Christmas is the day that holds all time together.
~Alexander Smith
My husband and I had decided we wanted to do something special to mark our first Christmas together. We went to one of the fancy department stores and bought an expensive glass ornament. It was beautiful — painted gold and covered in sparkles, with what looked like a burst of golden fireworks hanging in its hollow center.
The next year, we bought a delicate glass ball with an angel suspended in the center. The following Christmas we found a red velvet birdhouse with a small teddy bear looking out the door. He held a wrapped gift in his hand, and we knew our two-month-old daughter would love it when she was older.
Our annual ornament tradition continued, and with each addition came a story. The unfortunate, gangly, ten-inch tall snowman made of Styrofoam balls covered in yarn was bought the year we waited until the last minute and found the store shelves picked bare.
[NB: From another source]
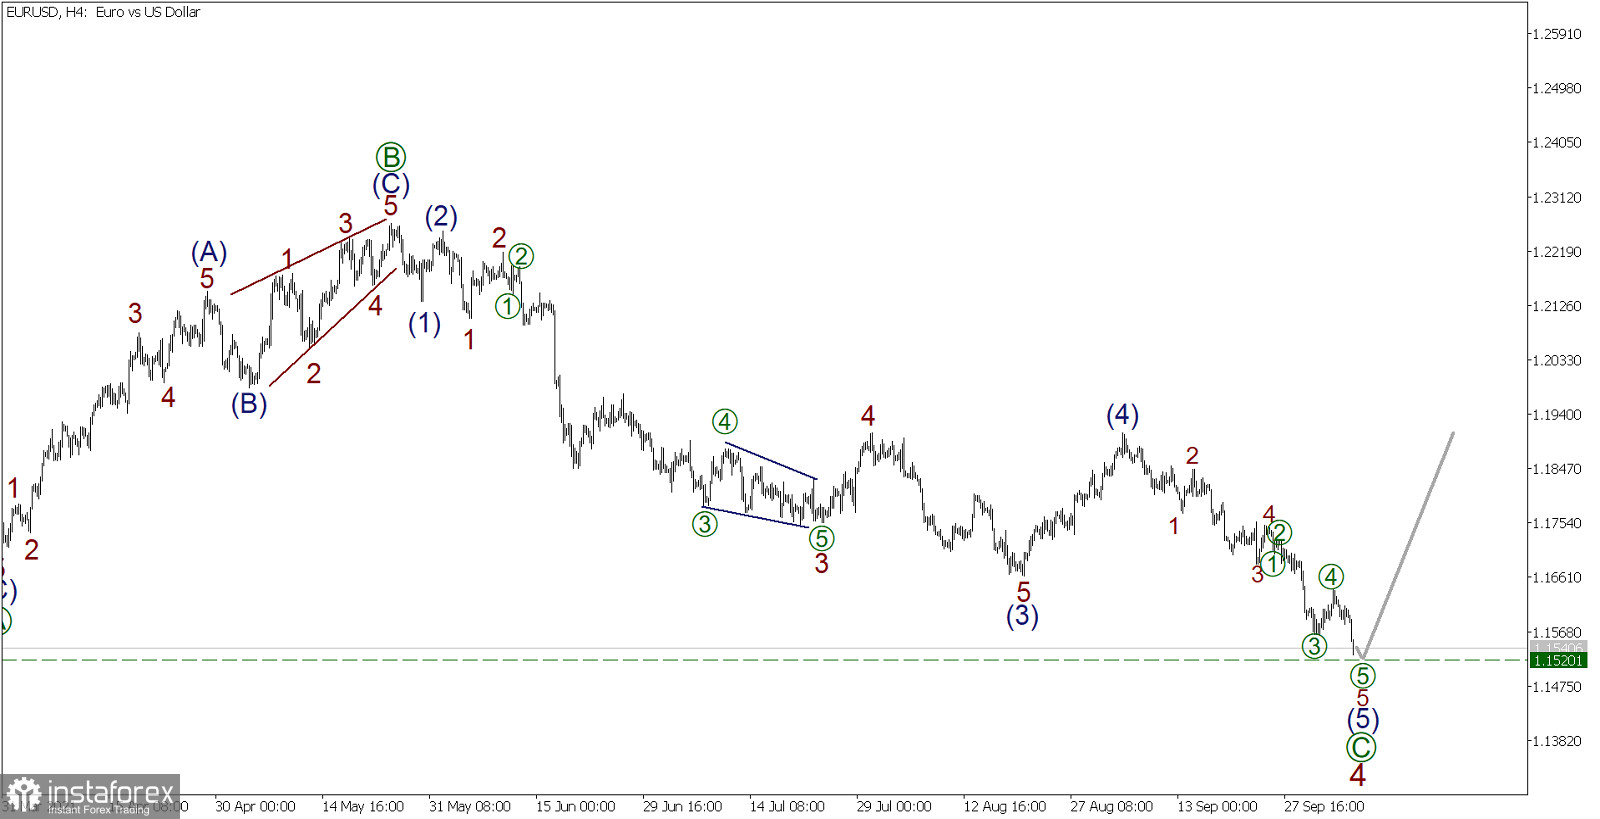 Outlook for EUR/USD on October 6. EUR/USD to leave sideways channel.

Our daughter, who had been fussing in her stroller while we searched, smiled when she saw the snowman, and after that we went through a period when our kids seemed to pick our ornaments.
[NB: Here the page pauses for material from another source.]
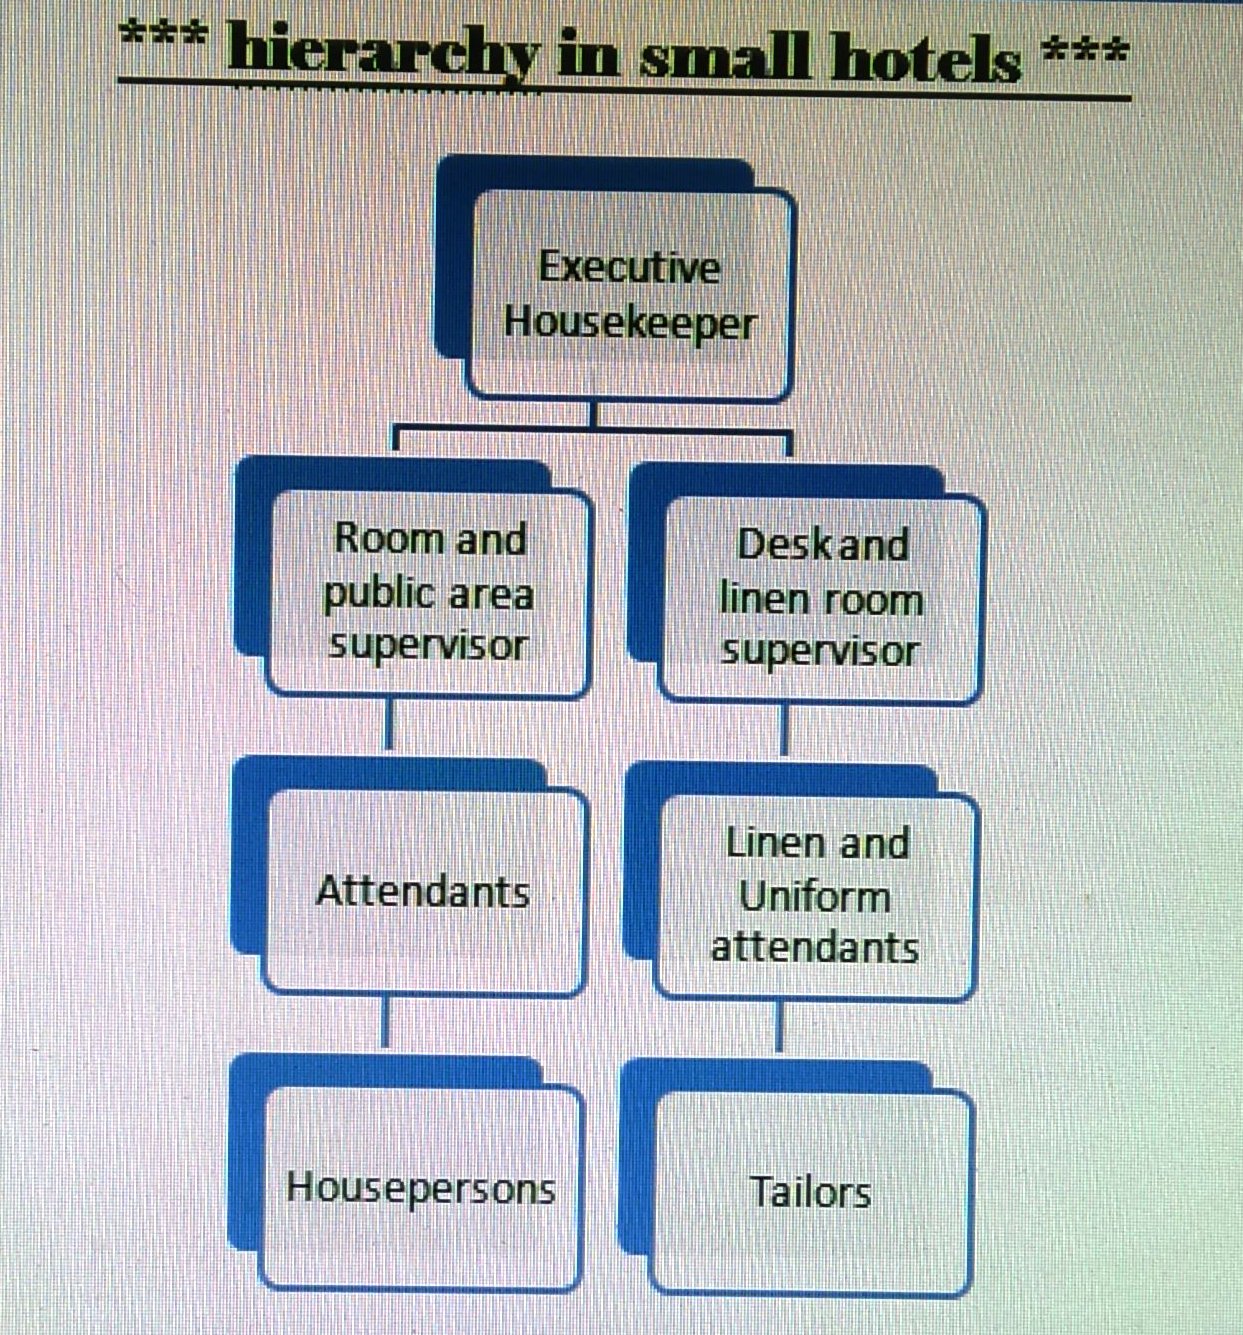 Housekeeping Organizational Chart In Small Hotel

That’s how we ended up with the brilliant red glass mouse topped with wild yellow hair, and the corn husk country mouse, complete with cowboy hat and guitar, whose head repeatedly fell off.
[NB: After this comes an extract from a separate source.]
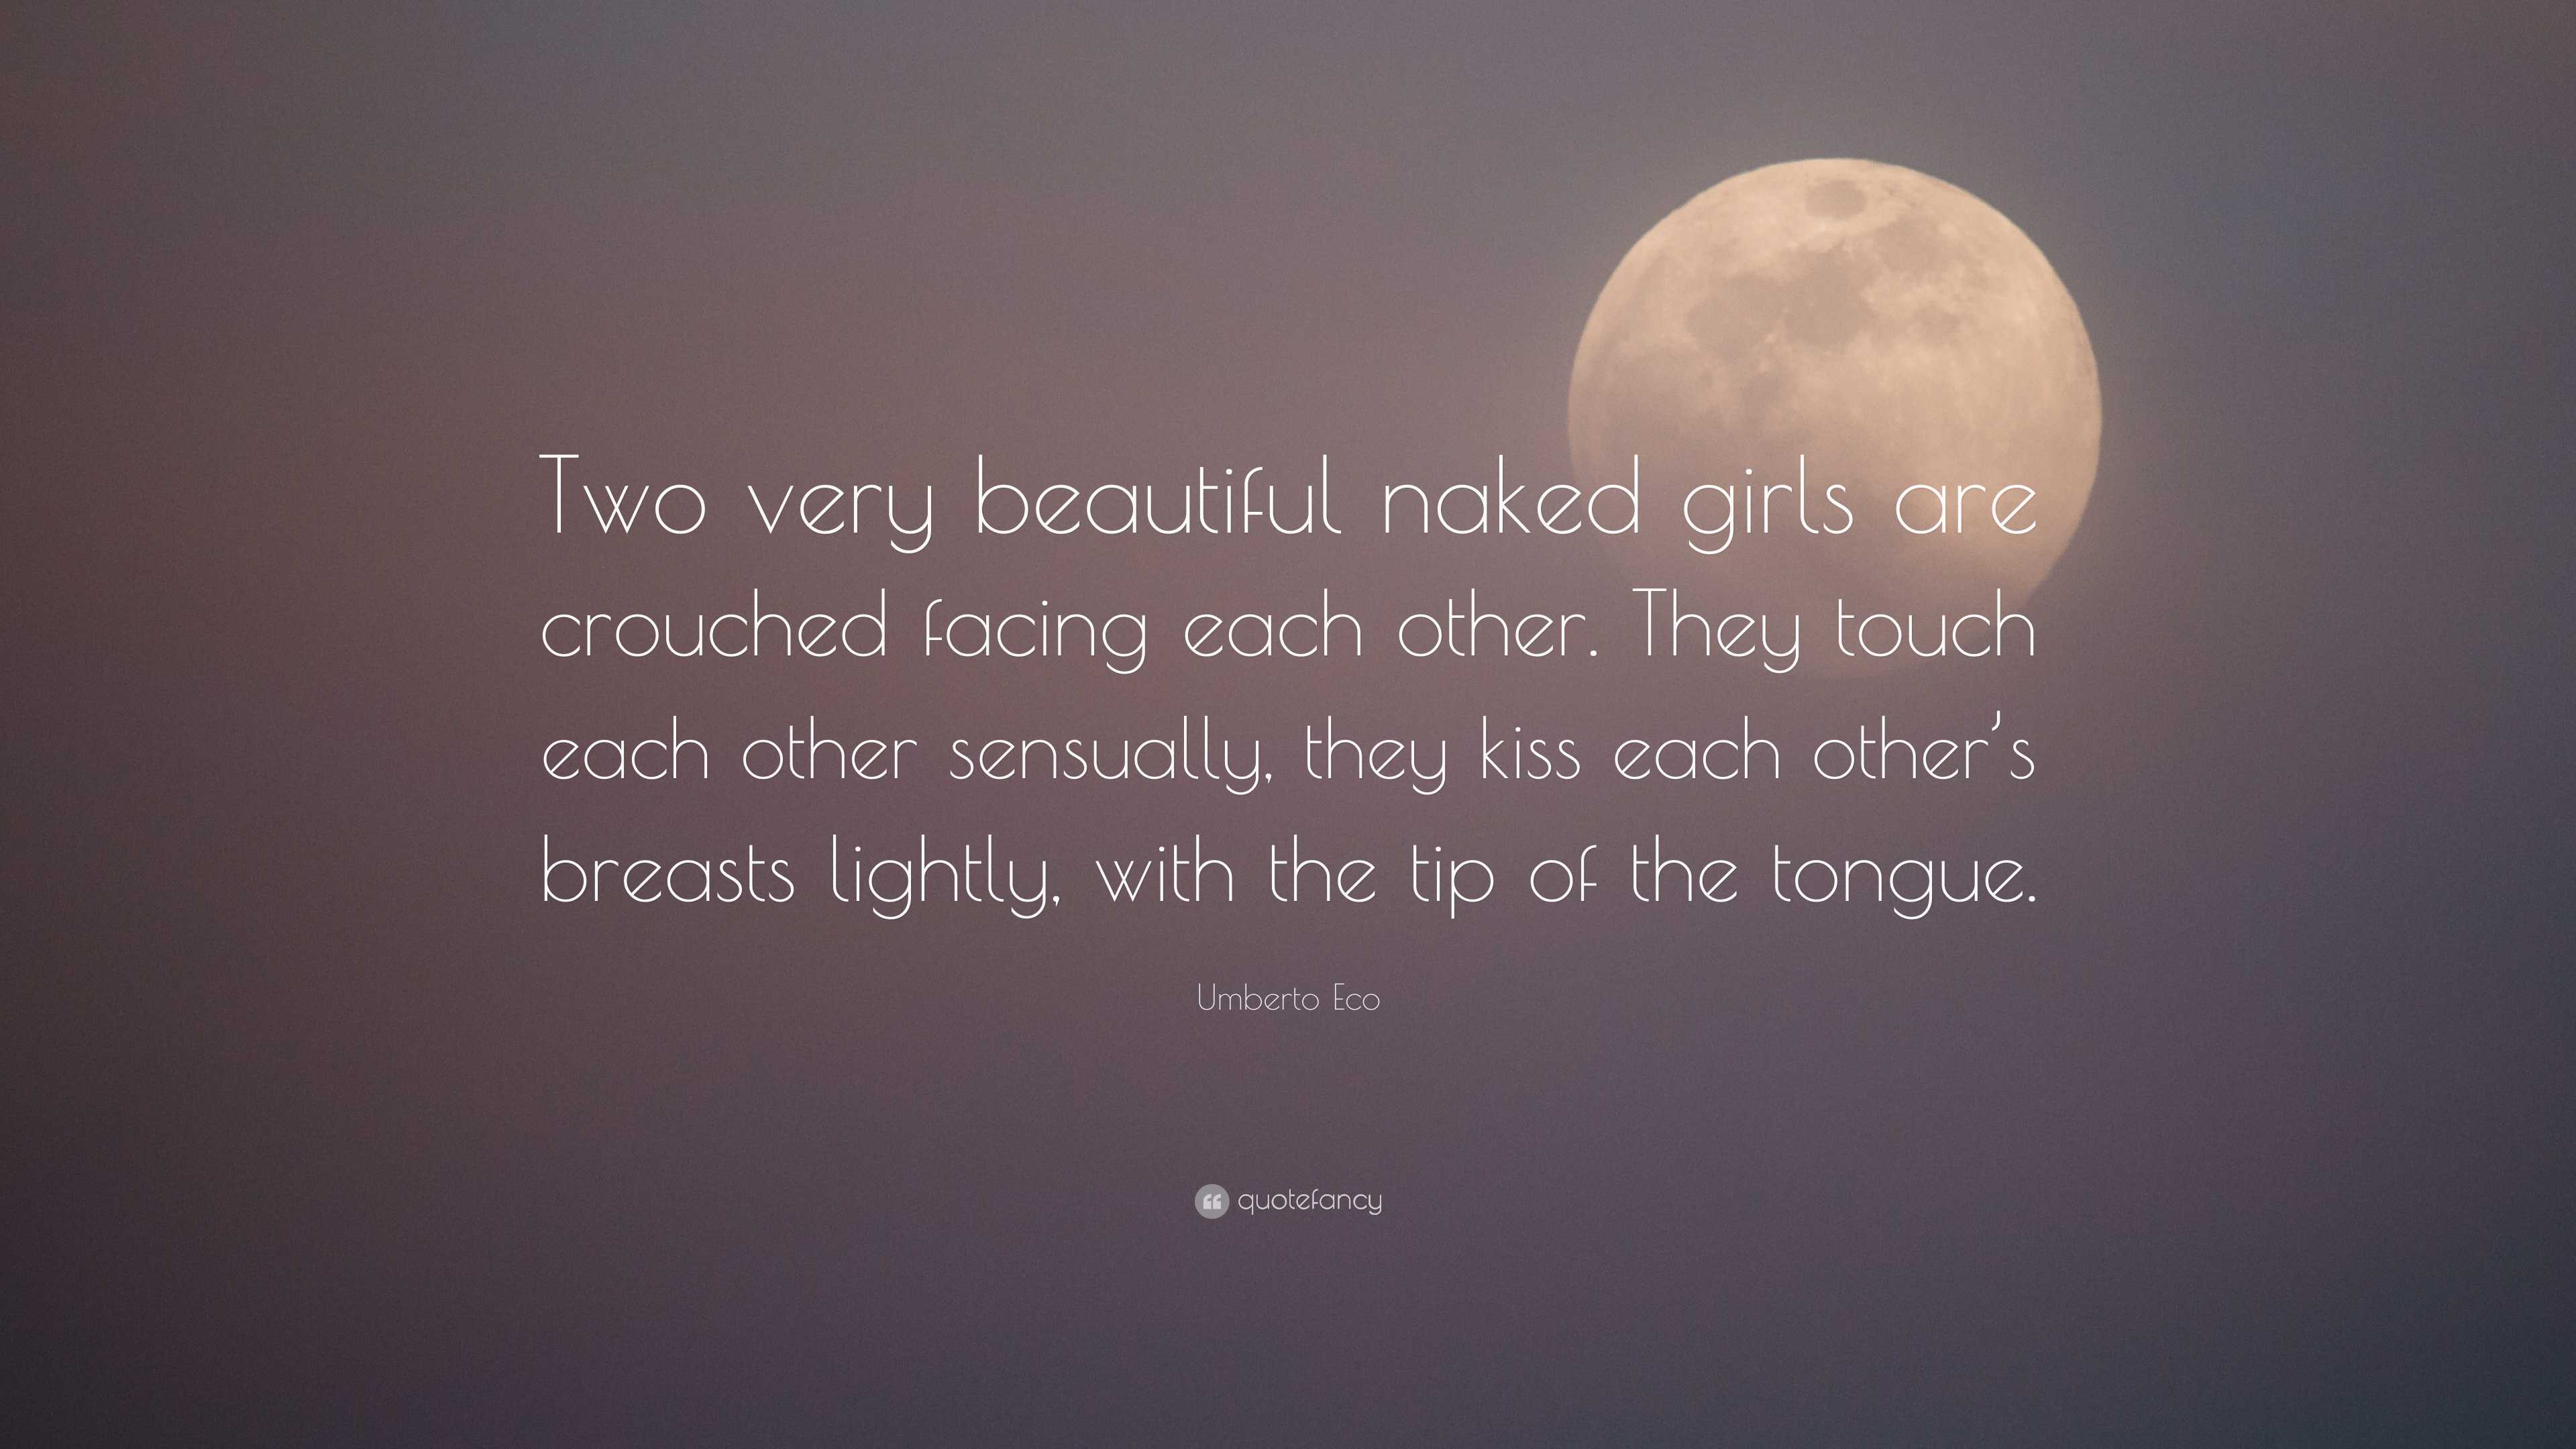 Umberto Eco Quote: “Two very beautiful naked girls are crouched

As time passed, we chose ornaments to remind us of a major event from that year. The clear globe filled with sand and tiny shells was from the summer we went to the Outer Banks for a family reunion; the decorated miniature rolling pin commemorated the year we tore the house apart and moved the kitchen; and the bear swathed in scarves, hat, and snow pants was from the year we moved from the wintry North to warm Florida.
There are special ornaments for the years our son and daughter were married, and there are ornaments for the years each of our four grandchildren were born.
Each year, when I hang the ornaments among the lights, I take a trip down Memory Lane.
Next year, we will have been married fifty years, but there will be only forty-nine ornaments to unpack. It has always been that way — one ornament fewer than the number of years of married life. That’s because we spent that first Christmas nearly 9,000 miles apart — he in a canvas, wood-floored tent in Vietnam, and I in a room rented from an elderly woman.
For our fiftieth anniversary, we’ll do what we weren’t able to do that first Christmas of our marriage: search together for the most important ornament of all — one that represents the beginning of our lives together.